═════ GIVEN INFORMATION
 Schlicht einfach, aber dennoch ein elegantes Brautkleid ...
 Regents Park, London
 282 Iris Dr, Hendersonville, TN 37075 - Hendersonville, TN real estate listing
══════════
EXERCISE OBJECTIVE: Print out each line of the data exactly.

ANSWER FOR THIS EXERCISE:
 Schlicht einfach, aber dennoch ein elegantes Brautkleid ...
 Regents Park, London
 282 Iris Dr, Hendersonville, TN 37075 - Hendersonville, TN real estate listing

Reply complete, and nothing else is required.